This will involve an investigation into the couple's past sexual
history, the woman's menstrual cycle and any other relevant matters.
It will then be explained at what stage the woman is at her most
fertile and how to obtain an ovulation/temperature chart. In fact
through this simple considerate advice and guidance many couples do
conceive shortly afterwards, be this due to combating any worries
that may have been present or just receiving the needed education to
enhance their chances.
BASIC METHODS FOR UNCOVERING MALE INFERTILITY
Semen Analysis Three semen analyses are usually required to be able to diagnose a
problem, this being due to the results varying according to the
particular circumstances of the sperm cell collection.
The procedure would involve, abstinence from sexual intercourse for
three to four days, then upon masturbation, a sample will be
collected in a sterile jar, and sperm analysed for sperm morphology
(appearance), motility (mobility), volume and chemical constituents.
If the results indicate that there is indeed a problem with either
quality or quantity, further tests will need to be carried out to
establish the underlying problem.
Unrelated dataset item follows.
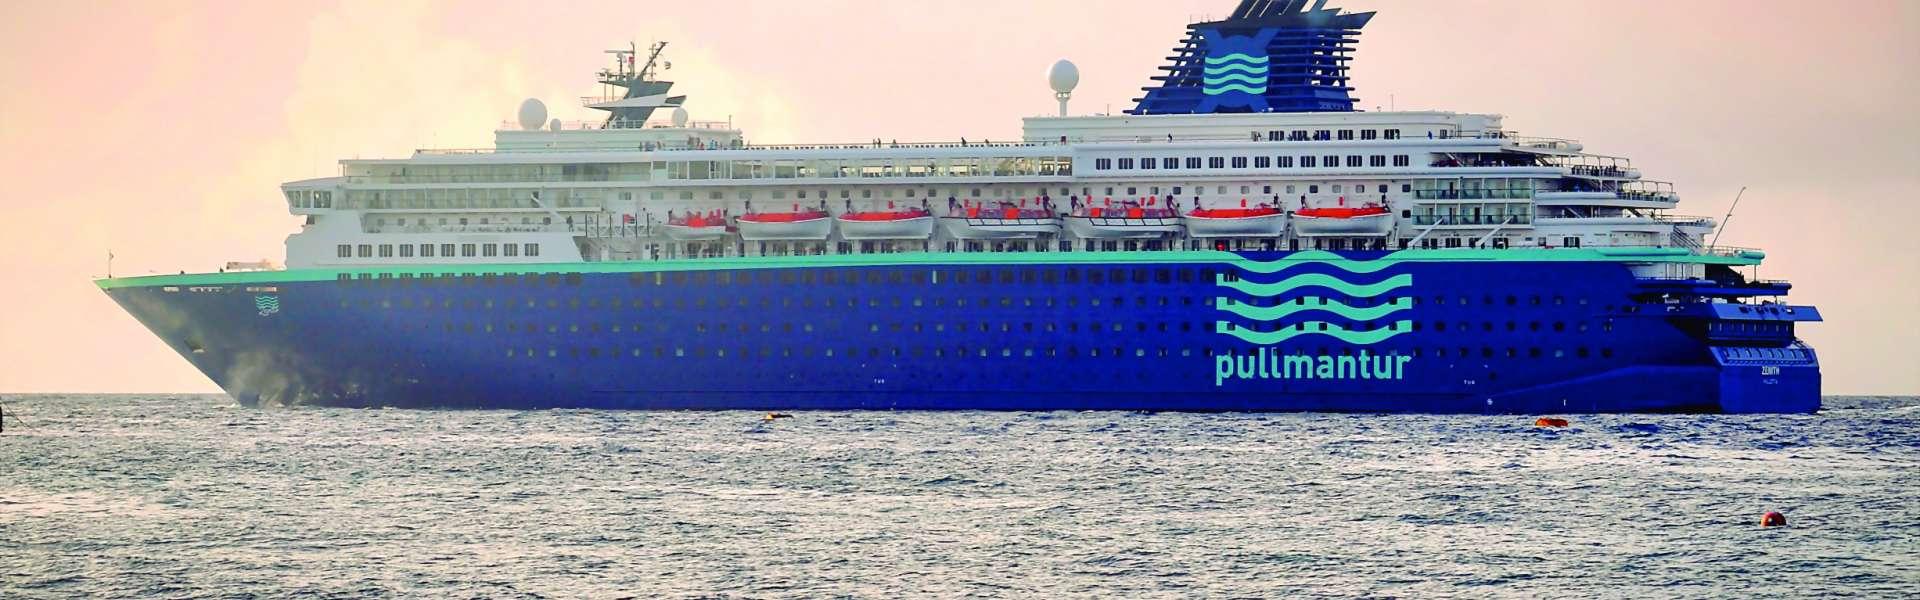 Croaziera 2018/2019 - Insulele Canare (Tenerife) - Pullmantur Cruises - Zenith - 7 nopti

These investigations may include
X-rays where upon it can be established whether there are any
blockages or abnormalities of the tubes concerned; blood tests in
order to check the hormonal levels involved in sperm cell production
and a needle-biopsy, whereby the doctor will be able to assess at
what stage the sperm cells are maturing and whether immature sperm
cells are being produced. An infection of the prostate gland may
also come under question if the sperm quality appears to be poor.
Mucus Penetration Testing This test allows for the evaluation of the sperm's ability to 'move'
through mucus-like substances, which resemble that of the females'
reproductive tract.
Sperm Penetration Assay
Also known as the 'hamster test', this method allows for the testing
of the sperm's ability to effectively fertilise a hamster egg - with
the assumption being that if it proves to be a success, then there
should be no problem in it being able to fertilise a human egg. A
newer version of this test, known as the Hemizona Assay, involves
the use of human eggs, however this method is still in the
experimental stage as spare human eggs are not freely available.
Post-Coital Testing
This test allows for the examination of the sperms reaction to
cervical mucus. It may show for instance that the woman is
'sensitive' to her partner's sperm, and that it would require
'washing' so as to eliminate any antibodies that may be preventing
conception.
The Acrosome Test
This procedure tests the sperm's ability to release the enzymes that
allow for it to rupture the outer covering of the woman's egg.
TREATING INFECTIONS
Effective eradication of any infections that may be present in
either partners' genital tract is vital in the initial stages of
treatment. Thrush (candida) is the most common of infections, and
although it may not suppress fertility completely, one would stand a
higher change of conceiving if this were to be completely cleared.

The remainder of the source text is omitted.